- Theatrical release poster
- Directed by: Norman Taurog
- Screenplay by: John Meehan Dore Schary
- Story by: Dore Schary Eleanore Griffin
- Based on: Life of Father Edward J. Flanagan and "Boys Town"
- Produced by: John W. Considine Jr.
- Starring: Spencer Tracy Mickey Rooney
- Cinematography: Sidney Wagner
- Edited by: Elmo Veron
- Music by: Edward Ward
- Production company: Metro-Goldwyn-Mayer
- Distributed by: Loew's Inc.
- Release date: September 8, 1938 (New York City);
- Running time: 93 minutes
- Country: United States
- Language: English
- Budget: $772,000
- Box office: $4,058,000

= Boys Town (film) =

1938 film by Norman Taurog

Boys Town is a 1938 American biographical drama film based on Father Edward J. Flanagan's work with a group of underprivileged boys in a home/educational complex that he founded and named "Boys Town" in Nebraska. It stars Spencer Tracy as Father Edward J. Flanagan, and Mickey Rooney with Henry Hull, Leslie Fenton, and Gene Reynolds.

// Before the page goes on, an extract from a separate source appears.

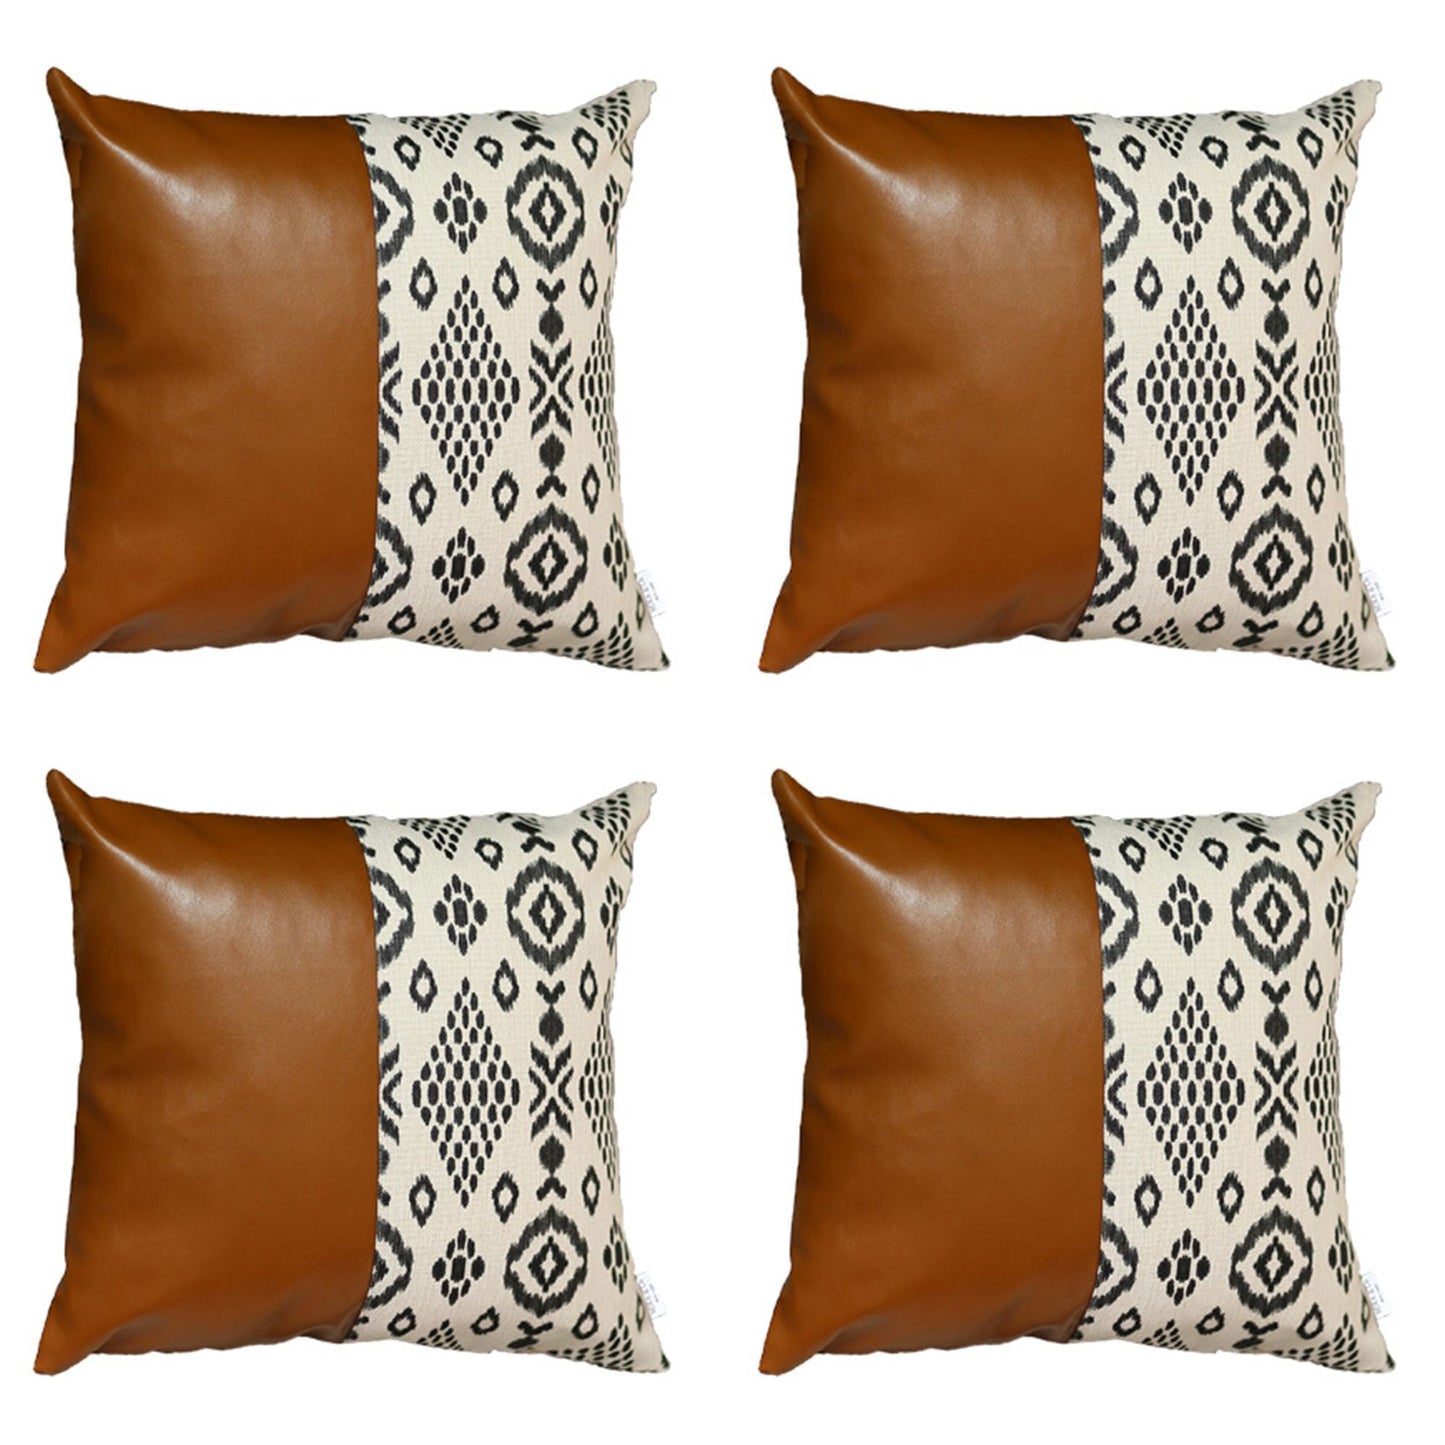 Vegan Faux Leather Handcrafted Decorative Throw Pillow Cover (Geometric Square)
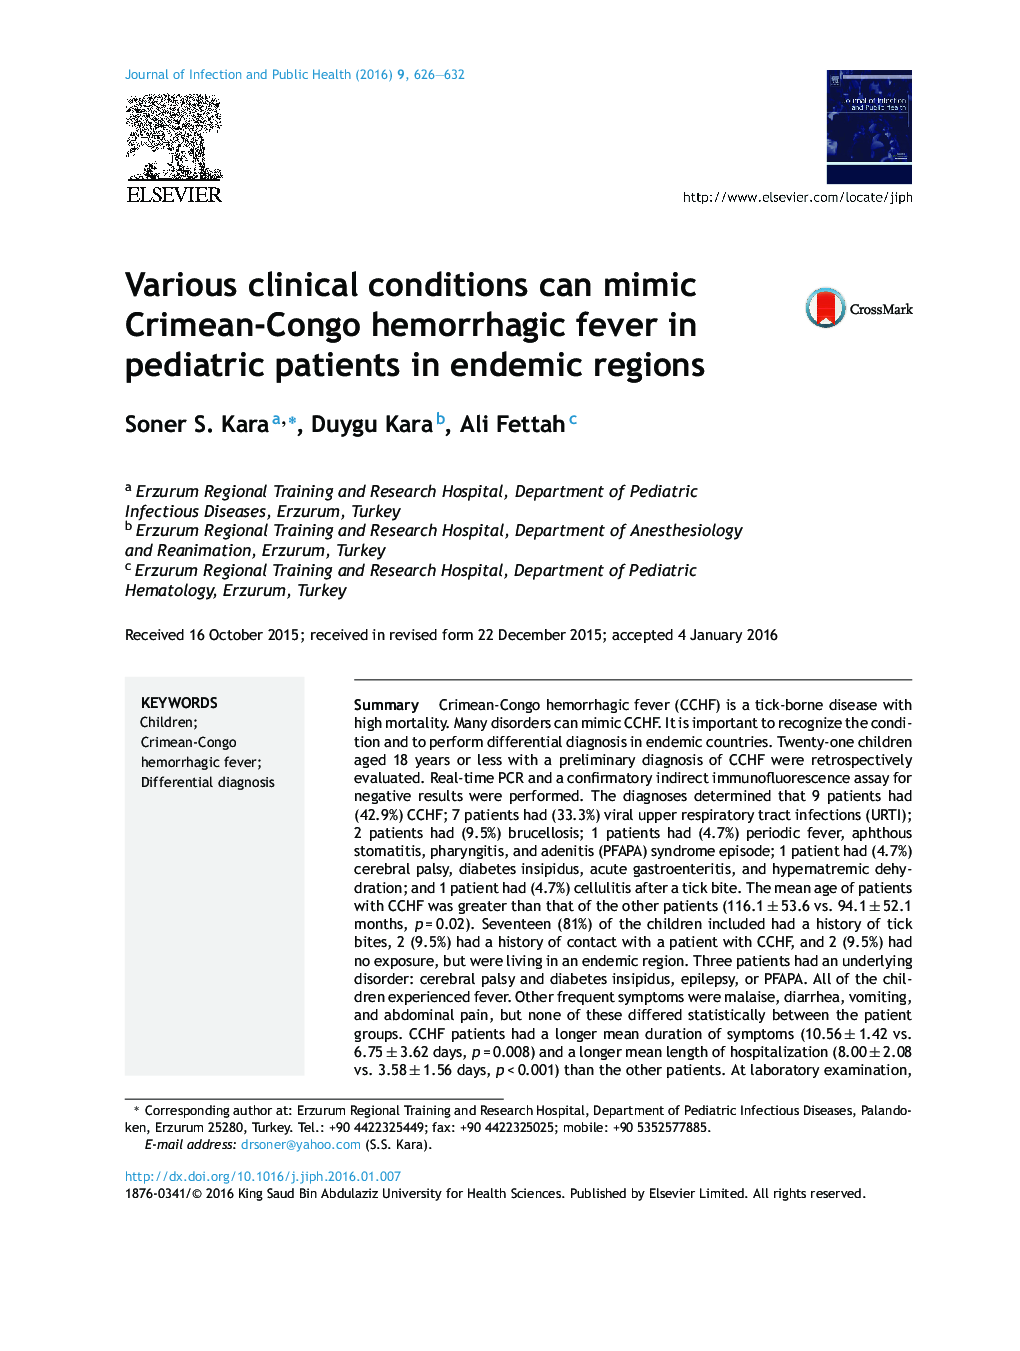 Various clinical conditions can mimic Crimean-Congo hemorrhagic fever in pediatric patients in endemic regions

The film was written by Dore Schary, Eleanore Griffin, and John Meehan, and was directed by Norman Taurog. Tracy won the Academy Award for Best Actor for his performance.

Metro-Goldwyn-Mayer Studio head Louis B. Mayer, who was a Belarusian-Canadian-American Jew known for his respect for the Catholic Church, later called this his favorite film of his long tenure at MGM.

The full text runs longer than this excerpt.